The golden text appeared across my vision.

TITAN SKADI IS ATTACKING ONE OF THE OTHER ENTRY TEAMS.

The entry squads had been split up into three broader units.  Those units were supposed to fan out.

Already, we were under attack.  Already, lives were probably being lost.

Tense, slow with my weapon in my grip, I floated up and away from the group.

“Lookout,” I said, trying to keep my voice level and clear.  “If you can hear me, mark a good target for me.”

The crosshairs that appeared in my field of vision seemed to be fixed to one point of the crystal landscape, so far below me it looked like pitch black.

I brought the cannon around, aiming for the spot.  More notifications popped up, telling me I was off target.

I adjusted appropriately, centering on the spot.

Already dark, the sky seemed to darken a shade.  I felt a shift in air pressure, like it was all a bit harder to fly in, or I was being pushed down.

I twisted around, putting the gun below me, and I dropped my weapon.

Titan Skadi, visible only by the glowing metal at the edge of each major panel of armor, was above me.

I met her, flying to her, crashing into her with forcefield and everything else.  I felt armor crack beneath the impact, transmitted by an awareness of physicality that wasn’t touch.

I flew down, diving, letting my forcefield come back as I seized the gun by barrel first, to pull it out of the way of a swinging axe arm.

She hit my forcefield instead.  I didn’t have the handholds necessary for my weapon.

Already hard to make out in the gloom, Skadi was drowned in darkness.

That darkness became fire, illuminating everything from water to nearby buildings, fallen ones that had tipped over when the crack in reality had spread, and ones that had managed to stay standing.

Napththa repeated the assault.  Skadi became a silhouette in yellow fire.

Hands found handholds, and I twisted, still diving, but this time with my gun ready.

I put a shot into her, the entire gun shuddering like it was trying to tear itself apart as it spat out a golden ray, carving a furrow into Titan Skadi, like a gouge that might be dug into white hot armor with the right tool.

There were other capes on the battlefield.  Ones who hadn’t been there for the briefing, but who were helping us out.  They capitalized on the shot, pressing the advantage while she was off balance, and while a part of her was damaged enough they could maybe pry it off or dig in.

She disappeared, and I immediately searched for her location.  Behind me?  Above?  No.

She was in the midst of that crystal landscape, where I could not fly without giving up my weapon.  But I had anticipated that.

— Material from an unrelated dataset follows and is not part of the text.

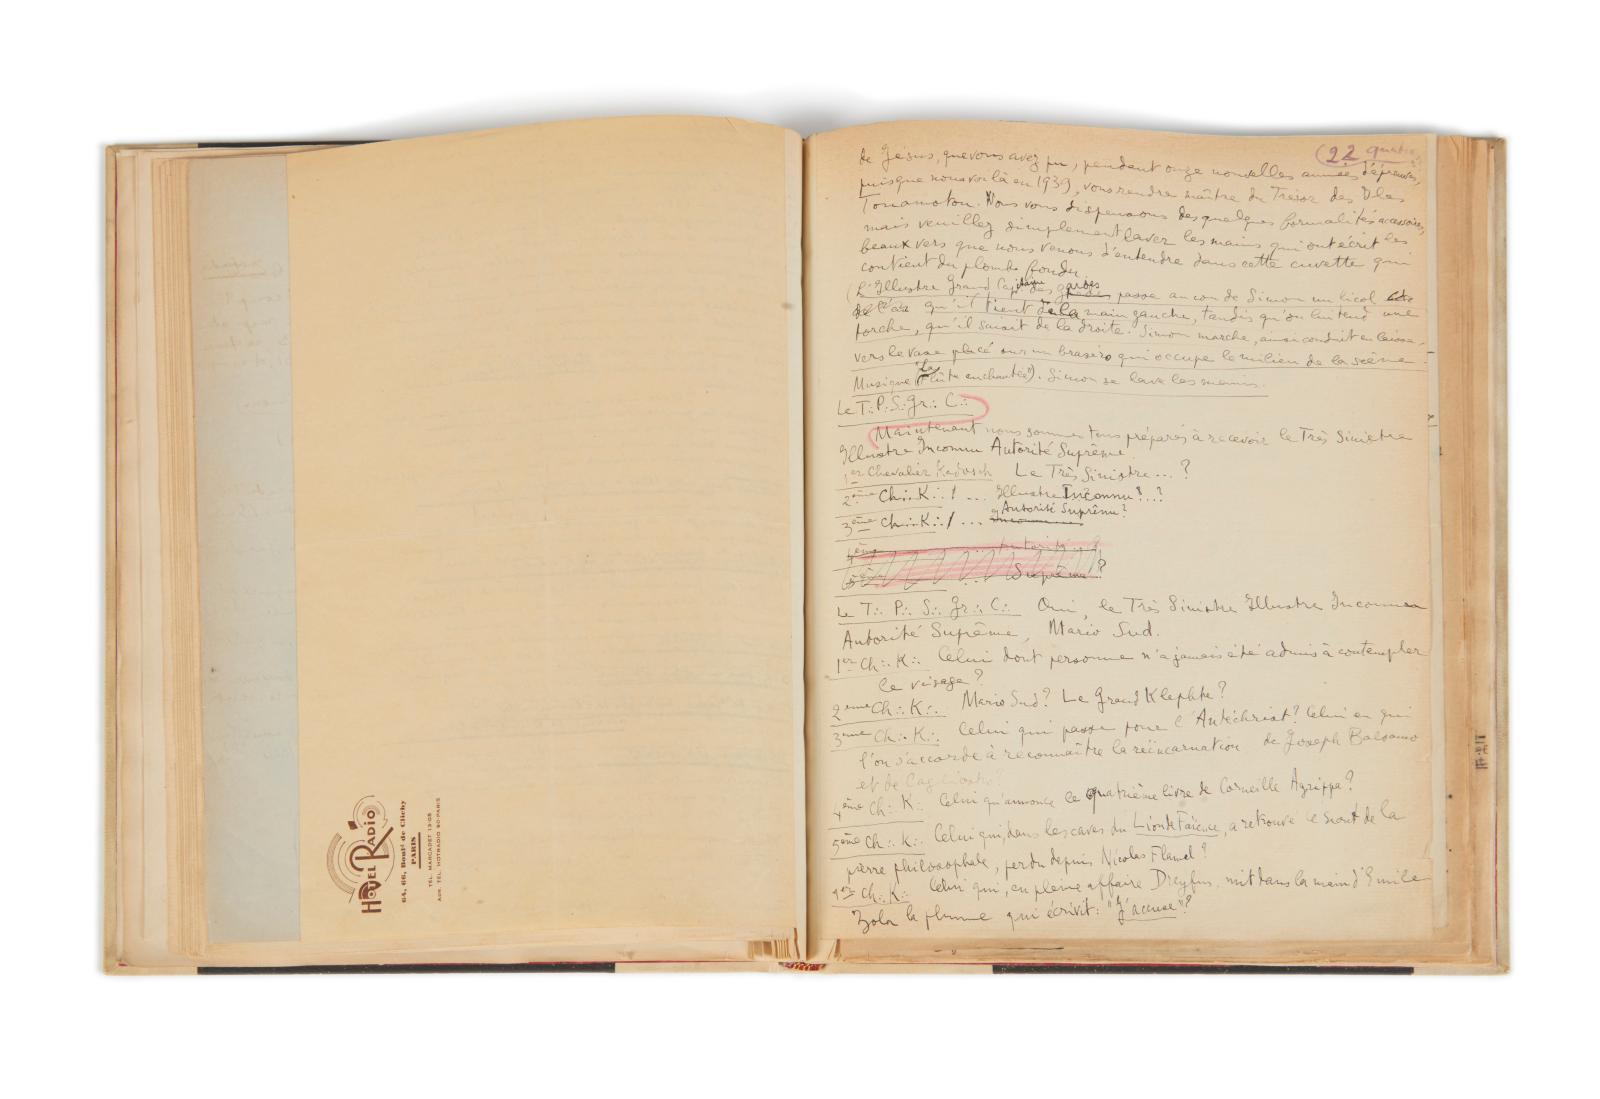 André Breton (1896-1966), Louis Aragon (1897-1982), Le Trésor des jésuites pièce surréaliste en trois tableaux et un prologue, manuscrit autographe, t

From high above, I aimed at her and placed another shot.  Getting her attention, bringing her close.  This time I threw my weapon, insofar as that was possible, and met the onslaught.  Keeping her occupied.

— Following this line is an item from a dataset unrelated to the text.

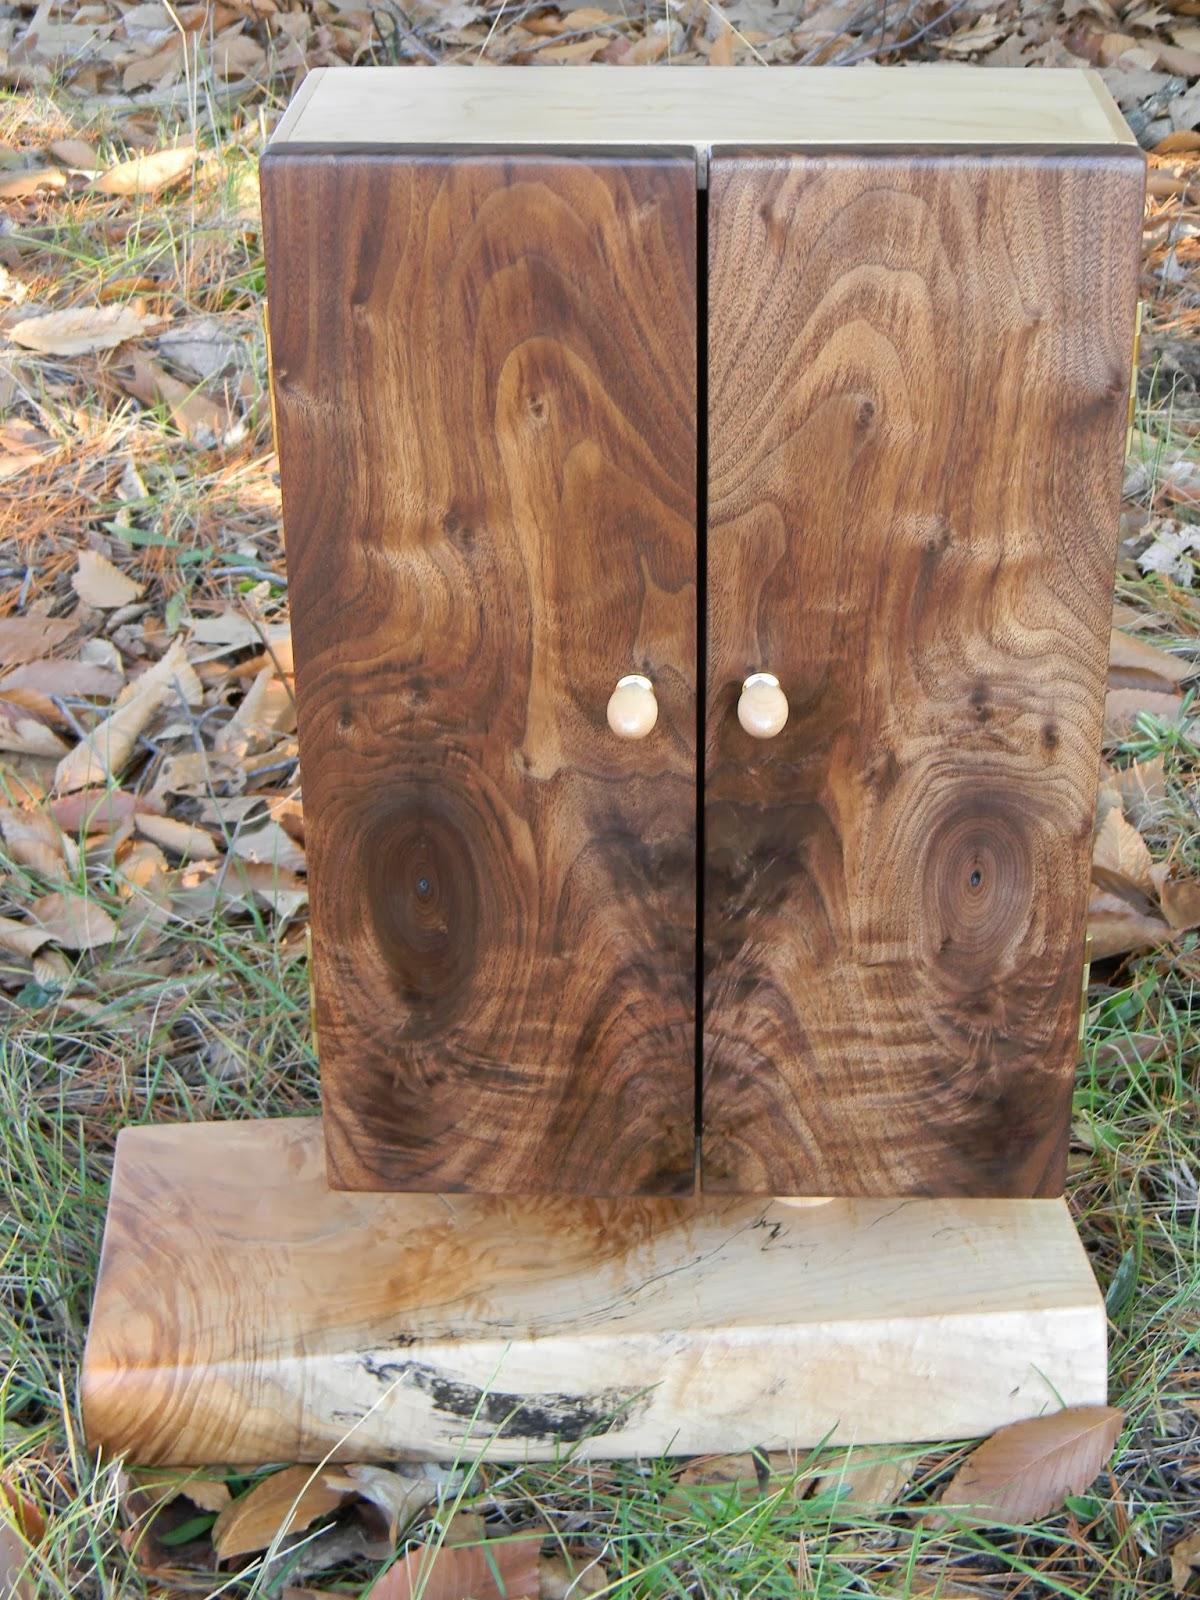 Oakenheart woodcraft desktop style jewelry keepsake cabinet

I let her hit me, and used the momentum from that to meet my gun where it was still falling through the air.  I found the handholds and stopped it from falling.

Gold text began to appear, when I really needed to focus.  I kept track of my forcefield, gauged what I could get away with, and kept my gun out of her way.  Every second I could do this was a second people were getting down there.  Spreading out, looking for certain markers and target points.

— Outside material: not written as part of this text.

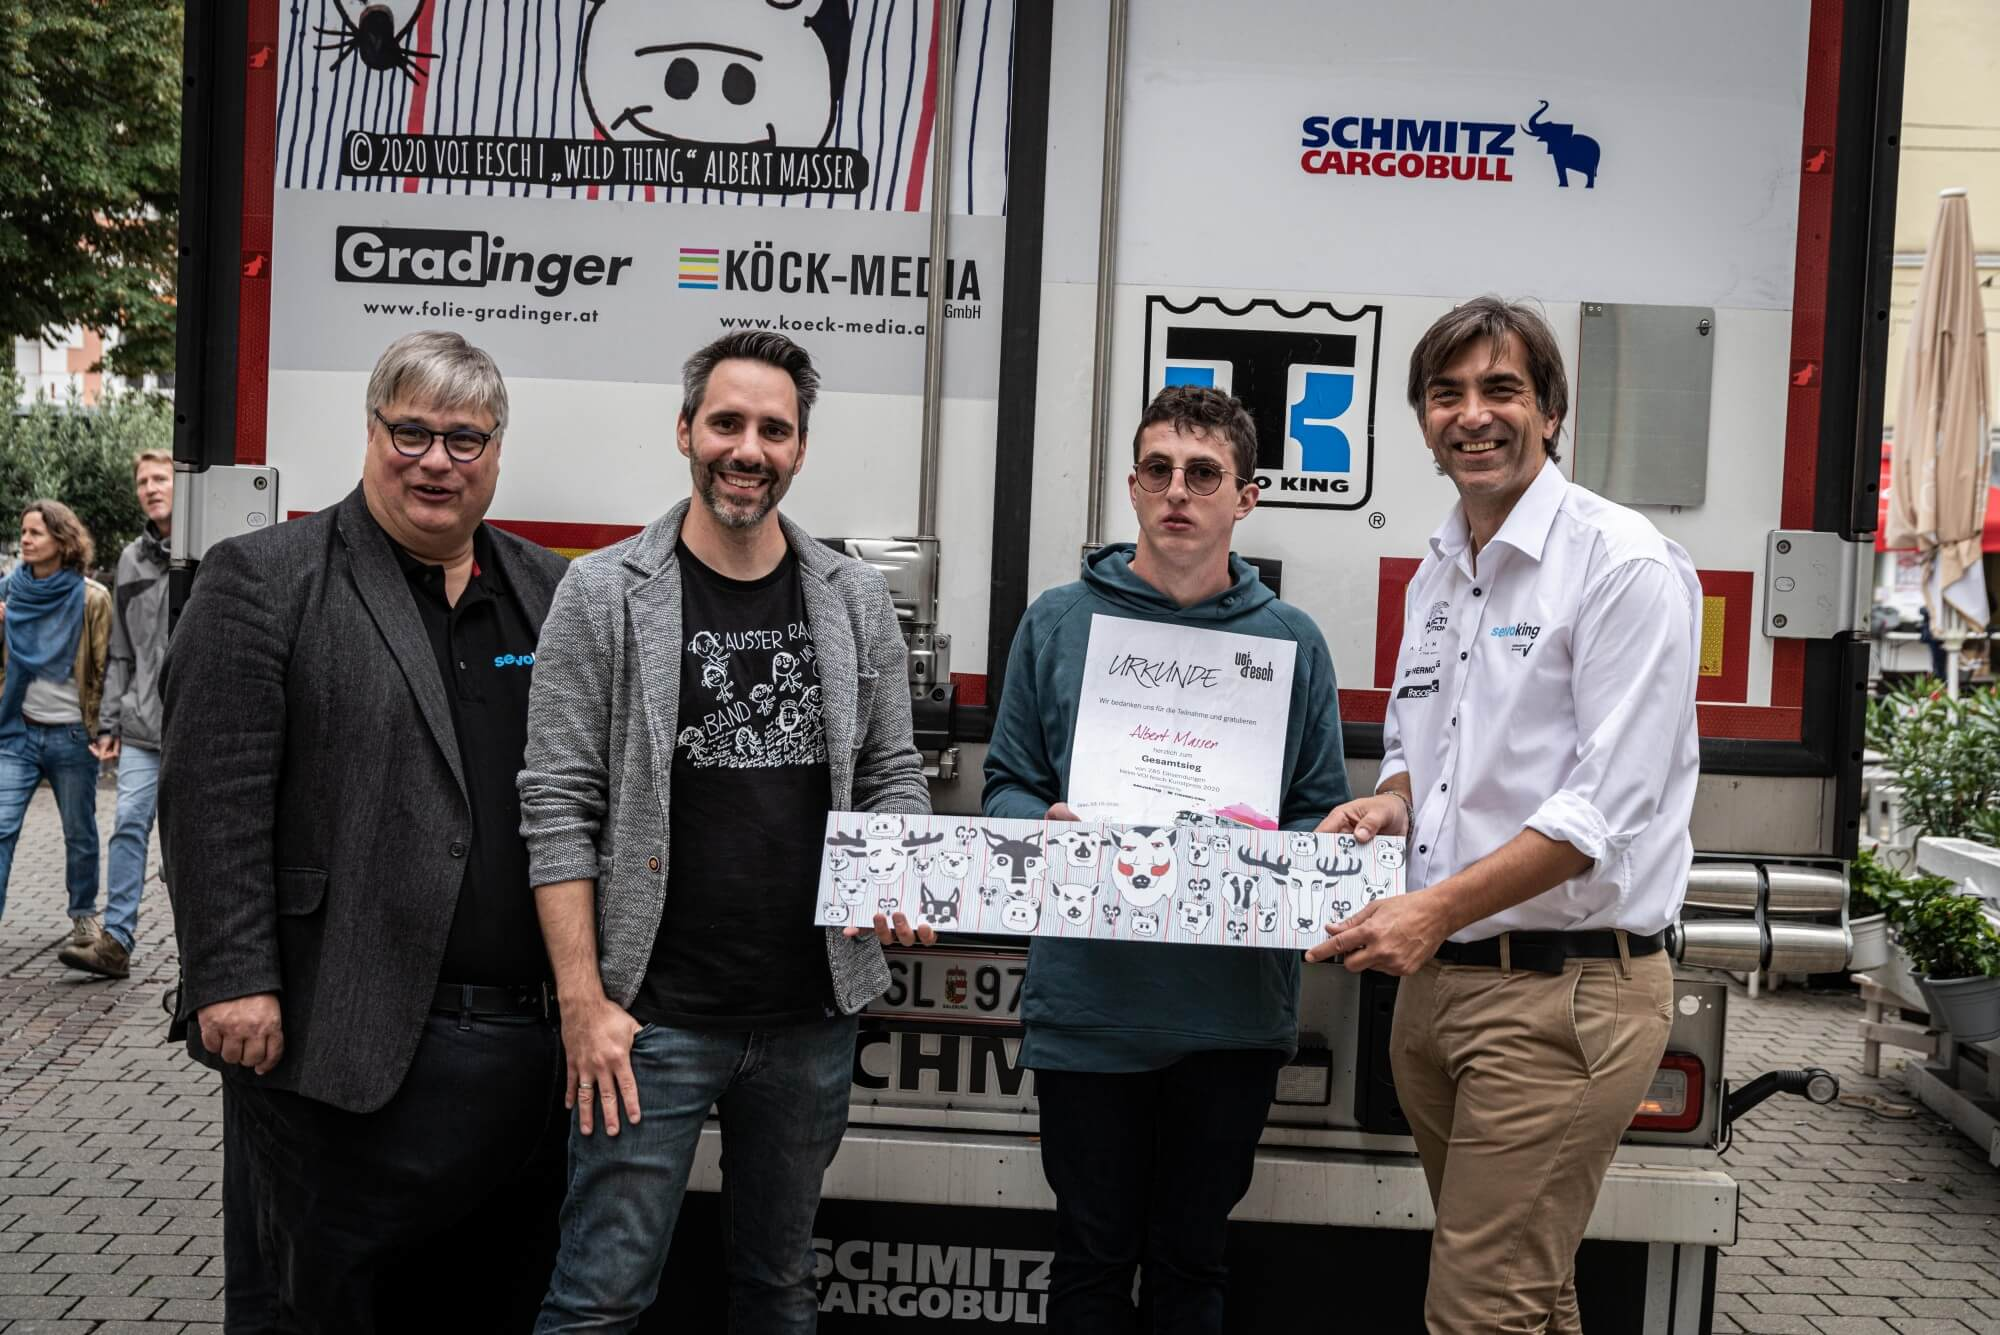 Ein Gruppenfoto vor der Rückseite des bedruckten LKW. Zu sehen sind Christian Mahr von Servoking, Helmuth Stöber von VOI fesch, Künstler Albert Masser und Servoking Geschäftsführer Gerald Bucher.

Other capes joined in with my fight against Titan Skadi, and I took the moment to breathe, and to read the text.

NEMEAN AND OPHION INCOMING.

The Nemean Titan.  Victor.  I wasn’t even sure what to do about that.  If I had one titan dogging me like this and another who could knock me out and steal my capabilities if he got close enough, it wouldn’t be possible to mount a defense.  Except they weren’t allied.

We had to keep them separated.

And then Ophion?  Mr. Bough.  The bio-manipulator.

With thousands of people at his mercy.

“We’ll manage,” I huffed, watching the capes keep Skadi occupied.  “Because we’ve left ourselves no choice to the contrary.”

BELAY THAT, Kenzie communicated.  TITAN STUFF IS GETTING CRAZY.  MULTIPLE TITANS MOBILIZED.  STRANGER TITAN IS CLOSEST TO YOU.